Posted: Thursday, February 21, 2002

MANKATO, Minn. (AP) -- At one time, people with physical disabilities could only dream about skiing on the slopes with their peers.

Now no longer relegated to the sidelines, kids and adults in the Mankato area are taking advantage of lessons that allow them to ski like others.

Tom Abrahamson, a Mankato West freshman, anticipated his lesson Sunday as he was strapped into a bi-ski.

''It's a lot of fun,'' he said. ''A lot of my friends ski, so now I can go with them.''

The program, which teams Mankato Area Public Schools, Community Education Access and Mount Kato, is in its second year. Last year about five people took lessons; so far this year two people have signed on with room for more.

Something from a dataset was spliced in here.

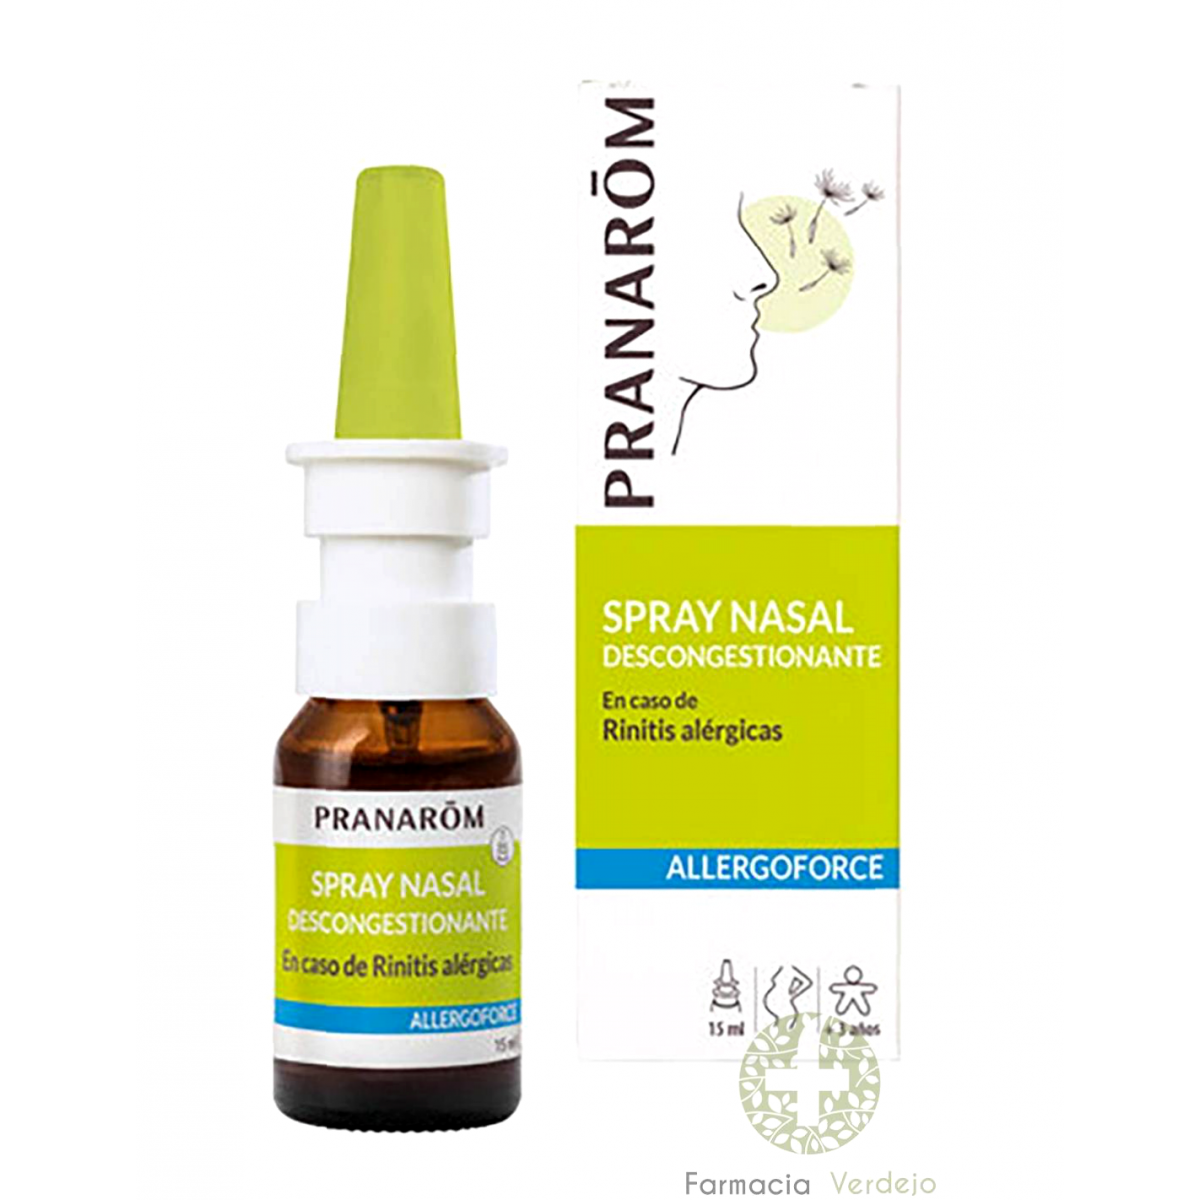 Allergoforce Spray Nasal 15ml

''We like to find recreational activities that people with disabilities can do,'' said Dalaine Remes, Access coordinator.

A $2,500 grant funded the bi-ski that participants use. It has a seat and two skis that operate somewhat independently, much like standup skis. At first an instructor is tethered to the back to help the skier keep control. Eventually the skier will be able to ski on his or her own.

''Actually, skiers in this are skiing on their own faster than skiers learning conventional skiing,'' said Jim Wise, one of the instructors.

Jim Marston, another instructor, said the modified ski uses the same techniques as standup skiing -- balance and coordination.

The bi-ski can be used on about 90 percent of Mount Kato's terrain.

Wise taught adaptive ski lessons out west for a time, and the other instructors have been trained through the Professional Ski Instructors Association.

Wise said bi-skis or mono-skis are commonplace out west, resting on racks at the base of the hill just like the other skis. Adaptive skiing is a Para Olympic sport.

Those who want to use the bi-ski have to make arrangements through the school district and Access. Remes said she hopes to have the skis available for rent at Mount Kato and to have more instructors.

Wise said the program allows everyone to participate.

''Skiing out here is a real family activity. Now if someone has a disability, they can go skiing too. We had a woman out here, a mother, and instead of staying home and saying 'You guys have fun' or staying in the lodge, she can participate too,'' Wise said.

Dennis Abrahamson, Tom's father, said his son tries to get on the slopes as much as possible.

Before the Mankato program, the only adaptive skis available were through Camp Courage. But Abrahamson said they could never coordinate getting the skis in Mankato. Now they have the program at their fingertips.

''His confidence level has gone up since last year,'' Abrahamson said of his son.